The Water Baptism of 1 Corinthians 12:13

Those events which you wrote about took place before the New Covenant went into effect. (Mark 14:24)
Prove the Holy Spirit baptism saved Paul in Acts 9.
I'm fine with debating all examples of the Holy Spirit being poured out after Acts 1.
 
Then it is in error because one cannot have a gift of the Spirit without having the Holy Spirit.

Using examples in order to refute this from events which took place before what is described in Acts 2:4 is irrelevant.
It proves many received the Holy Spirit yet this was not how any of them were saved.
This is also true during the new covenant.
No one has ever been saved by Holy Spirit baptism.
The apostles were saved before Acts 2.
John 1:4;8
- John did baptize in the wilderness and preach the baptism of repentance for the forgiveness of sins
Sins forgiven in John's baptism.
- I indeed baptized you with water but Jesus shall baptize you with the Holy Spirit

The Holy Spirit baptism did not forgive their sins.
John's water baptism was for the forgiveness of sins.
 
Not proved on your part.

I see you are suffering from truth decay. It's time you brush up on what the Bible teaches.
LOL, nice pun. But insulting me does not advance your argument. You advocate the position that an exception to the rule (Cornelius, which is not really an exception, but you see it as one) invalidates the rule. But exceptions are only that, exceptions, and they do not invalidate the rule. God established the rule that we are born again through water and the Spirit (John 3:5). The Apostles taught that we receive the gift of salvation from God when we are immersed in water (Acts 8:36, Acts 2:38, Acts 22:16, Rom 6:1-7, Col 2:11-14, 1 Pet 3:21, Gal 3:26-27, Eph 5:26-27, etc.), provided that we have also repented (Acts 3:19) and confessed Jesus as Lord (Rom 10:9-10). Since that is the rule, identifying "exceptions" (real or imagined) do not invalidate the rule. They simply identify cases where, in the first century, there was a "special case". But as noted before, Cornelius is not an exception to this rule. Cornelius received miraculous empowerment of praise and speaking in tongues when the Spirit fell on him, nothing more. He was not saved, he was not brought into the Kingdom of God, and the Holy Spirit did not enter into residence in his heart. If these things had occurred, then he would not have needed to be baptized in water afterwards. But he did require baptism still (Acts 10:47-48), because he had not been saved, and was not in the kingdom, and did not have the indwelling of the Spirit yet. These things require water, just as Jesus told Nicodemus in John 3.

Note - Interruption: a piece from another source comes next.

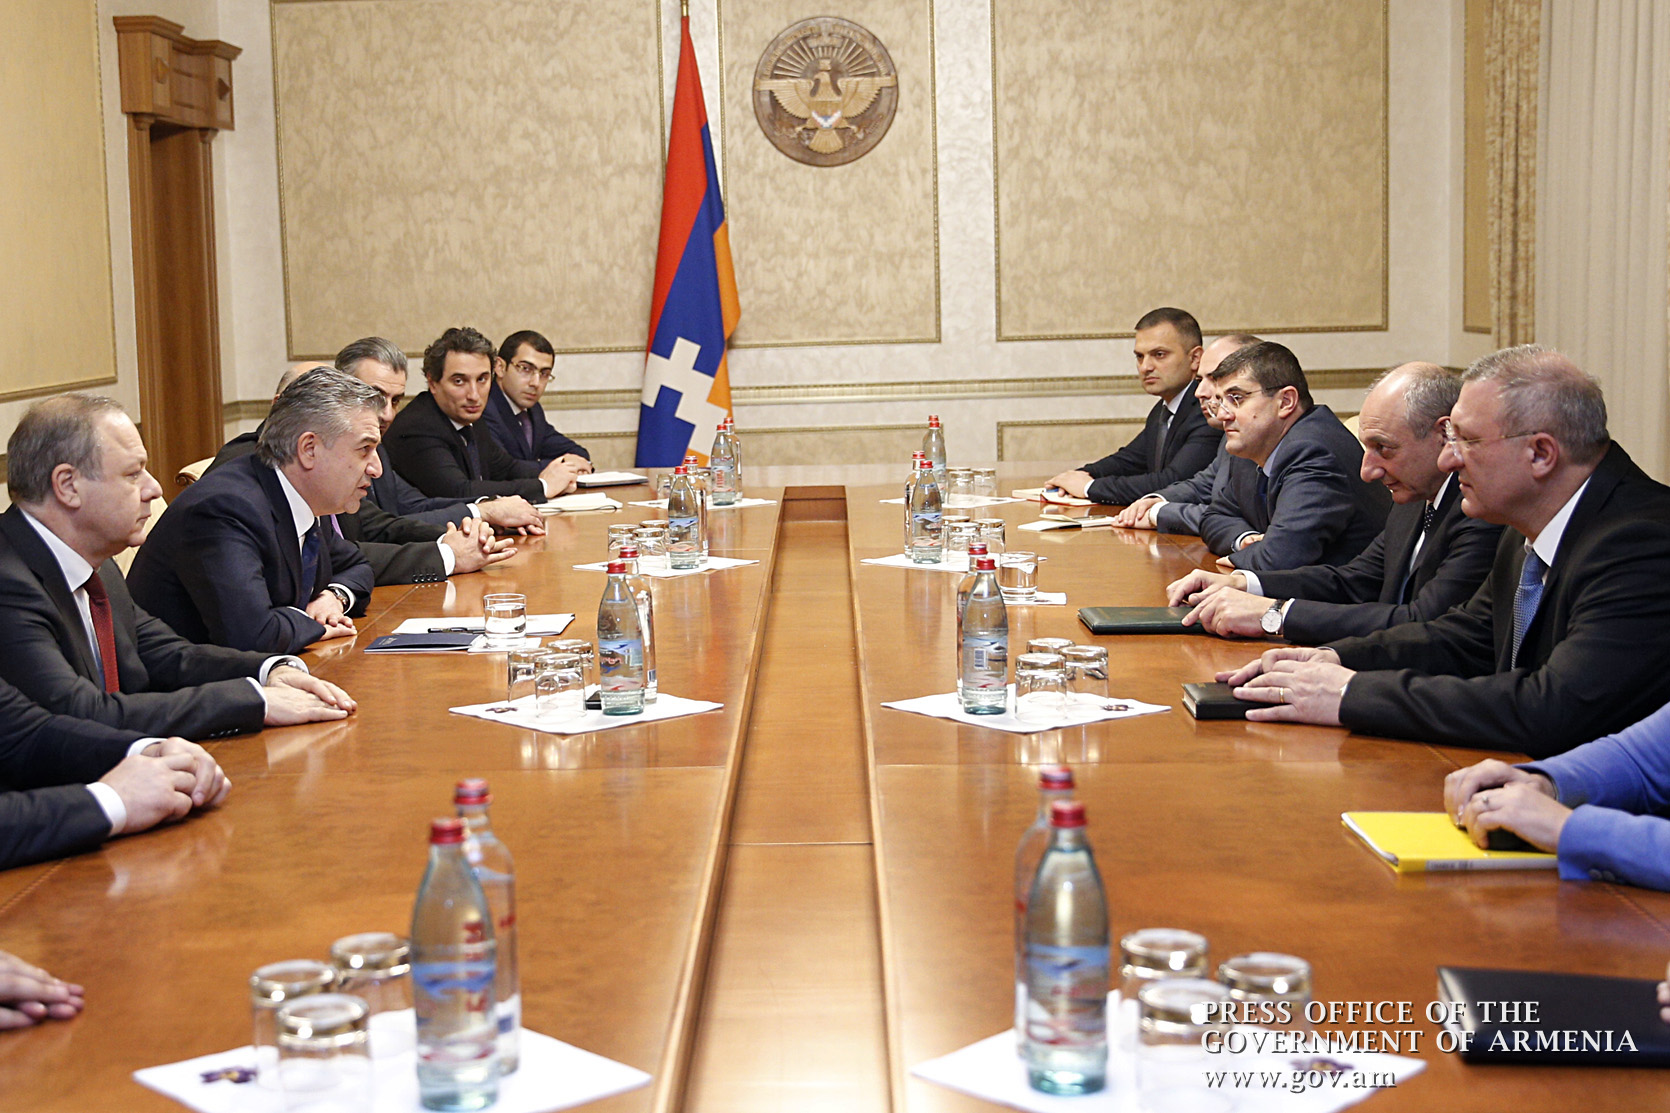 Bako Sahakyan met with Armenian Prime Minister

The rest of your arguments have been addressed as well.
 
The baptism with the Holy Spirit.

You have never been able to refute the evidence I supplied that demonstrates this.
Sorry, but that is not the "baptism with the Holy Spirit", and there is NO evidence that it is. You want it to be because that would support your preconception. But Scripture refutes your ideas.
There is ONLY ONE BAPTISM in the NT Church (Eph 4:5-6).
That baptism is the baptism in which we are saved (Rom 6:1-7, Col 2:11-14, Gal 3:26-27, and all the others I posted).
That baptism REQUIRES water (John 3:5, 1 Pet 3:21, Acts 8:36), and it requires human, physical action (Matt 28:19, Acts 22:16, Acts 8:36-38).

You seem to want to shortcut God's shortcut to salvation. But a shortcut to a shortcut lands you stuck in a ditch.
 
So is your false doctrine.
I don't have any false doctrines. Anything that I believe that can be disproved through Scripture, I change my belief. But you have not disproved anything I have said.
Try opening your eyes first.
If all you have is insults and trite blustering, we are done here. Come up with an honest argument from Scripture or quit wasting our time here.